By now, the other girl has had all she can stands and she can stands no more. She stalks to the back of the bus and starts yelling, “The way you’re telling that story about my wrist is all slanted! It wasn’t like that at all! You’re trying to make me look like an idiot!” The original girl starts yelling back at her, and it’s a pretty lively argument.

At this point, it’s my co-worker’s stop, so he rings the bell, steps gingerly between the bickering girls, and gets off. I make a mental note to remember the details of what happens next, because he’ll probably ask tomorrow, and also to continue subtly egging the loudmouthed girl on — just by letting her keep talking, really — until she incites her friend into throwing down. However, the other girl just slumps sideways on a seat a few seats ahead of me, sulking.

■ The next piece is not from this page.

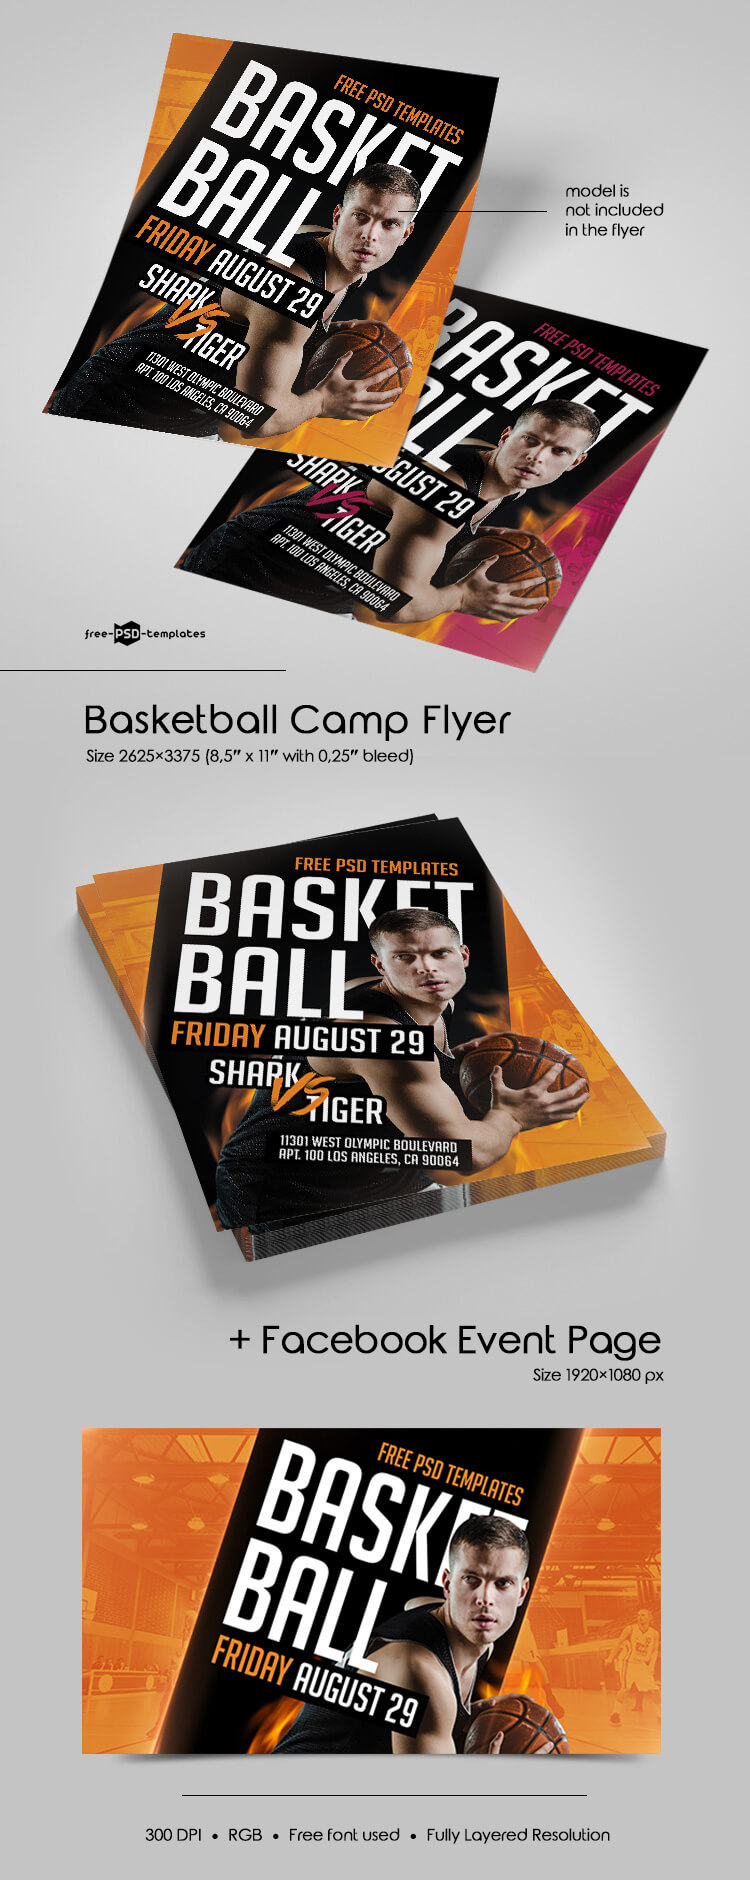 Free Basketball Camp Flyer In Psd | Free Psd Templates With Basketball Camp Brochure Template

“She needs dick; that’s her problem. That’s why she’s like that,” the heavyset girl confides loudly in me and another guy sitting nearby.

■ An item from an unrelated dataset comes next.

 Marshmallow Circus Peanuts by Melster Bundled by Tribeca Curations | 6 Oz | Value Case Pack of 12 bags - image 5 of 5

“You need dick in your mouth, dick in your ass, and dick in your cunt!” she screeches loudly at the other girl.

“Go ahead, put your dick in her mouth. That’ll make her feel better,” she invites, turning her attention back to us. After a brief pause in which no takers step to the fore, she concedes, “I don’t blame you. She gives terrible blowjobs. It’s those big buck teeth. Plus, she’s dirty. She’s skanky.” She raises her voice again. “You’re a dirty slut, you whore!”

The heavyset one gets up now, and starts wheeling her grocery cart toward the front, violently and deliberately clipping her friend’s foot, which hangs out into the aisle. “Oops! My bad!” she says sarcastically. She throws a bag of groceries at her friend. “Oops! My bad!” she repeats. Her friend lashes back at her with a kick, and the heavyset girl throws herself onto her, fists and curses flying. After a while, she just gets up and returns to her original seat at the back.

“Why don’t you just go get hit by a car, you slut?” she asks. “When this bus stops, I’ll give you fifty bucks if you jump in front of a car.” Right about then, the bus pulls into Islington station. They’re not attractive, so it’s not worth my while to waste any more time watching to see if the catfight develops any further, so I get off and go straight down to the subway, where I end up sitting across from a guy proudly telling his friend all about how he’s a sociopath and one time some guy fell down in front of him having a seizure and he didn’t care either way the guy lived or died.

Normally, listening in the self-confessed sociopath’s conversation might have been the highlight of my commute home, but frankly, he just couldn’t follow the bus girls’ act.